ACED-IDP / submission

Submit FHIR based data into a Gen3 Commons
1 stars 0 forks source link

Dataframer/Pivot with Facet Mangement #23

Open bwalsh opened 2 months ago

bwalsh commented 2 months ago

Use Cases:

Example

image

References

Goals/Forces/Motivation :

The primary reason for using the pivot function is to reshape the data. It transforms data from long to wide format, which helps when comparing different variables more effectively. This reshaping is fundamental in preparing datasets for analysis or visualization as it allows for a more structured and readable form of data representation.

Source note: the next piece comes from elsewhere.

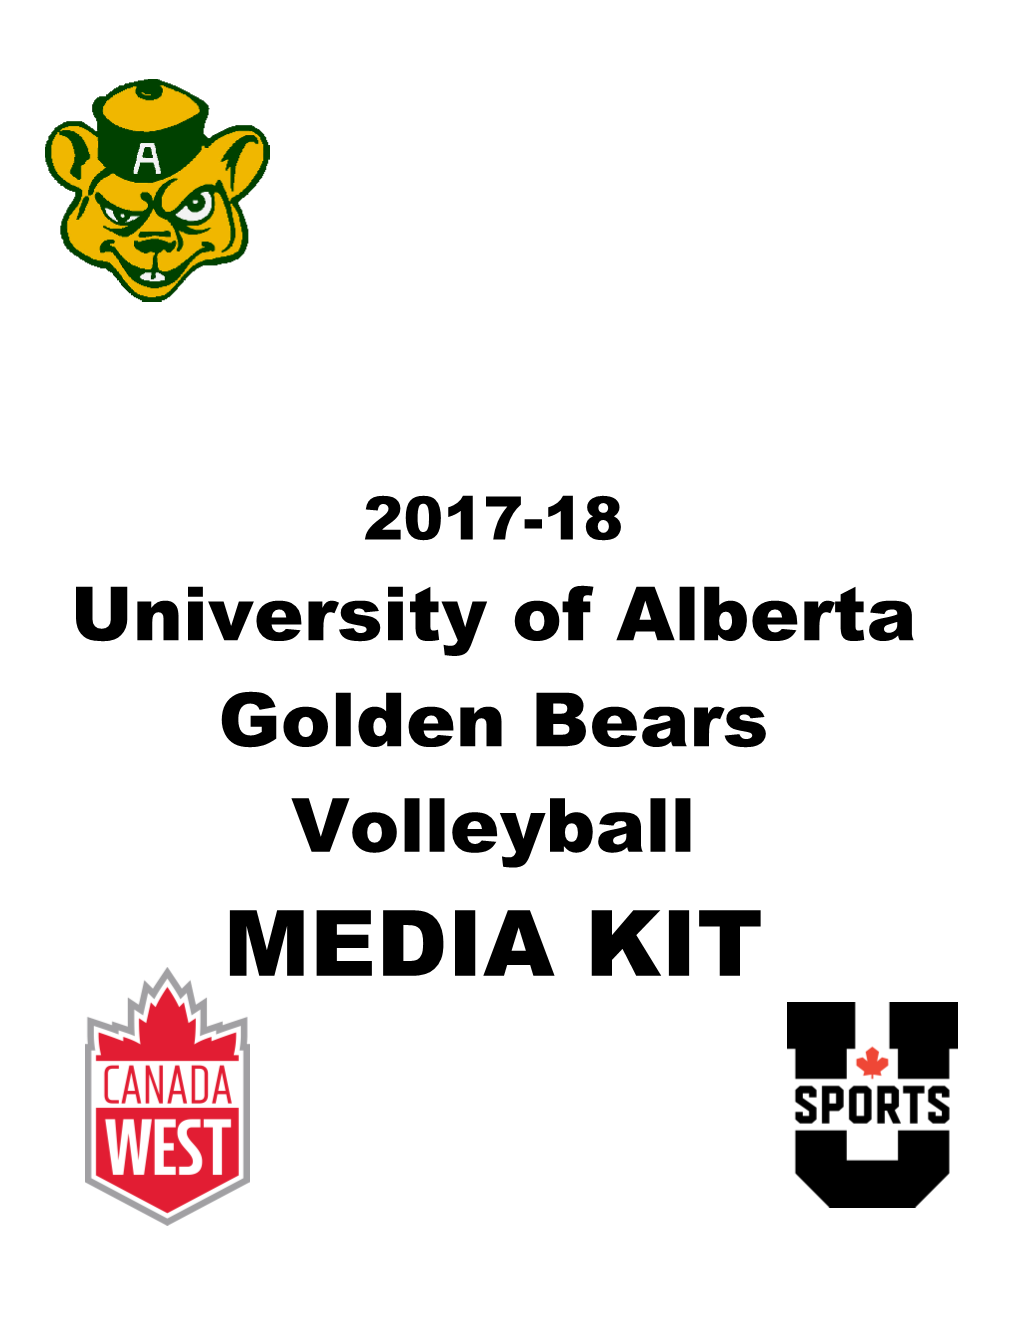 University of Alberta Golden Bears Volleyball MEDIA KIT

Data pivoting is the process of transforming data from a long format (rows) to a wide format (columns), typically to make it more understandable or suitable for analysis. Common scenarios for data pivoting include summarizing data, creating cross-tabulations, or presenting data in a more structured format for reporting purposes.

See R's tidyverse

Tidy data refers to ‘rectangular’ data. These are the data we typically see in spreadsheet software like Googlesheets, Microsoft Excel, or in a relational database like MySQL, PostgreSQL, or Microsoft Access, The three principles for tidy data are:

  • Variables make up the columns
  • Observations (or cases) go in the rows
  • Values are in cells Put them together, and these three statements make up the contents in a tidy data frame or tibble. While these principles might seem obvious at first, many of the data arrangements we encounter in real life don’t adhere to this guidance.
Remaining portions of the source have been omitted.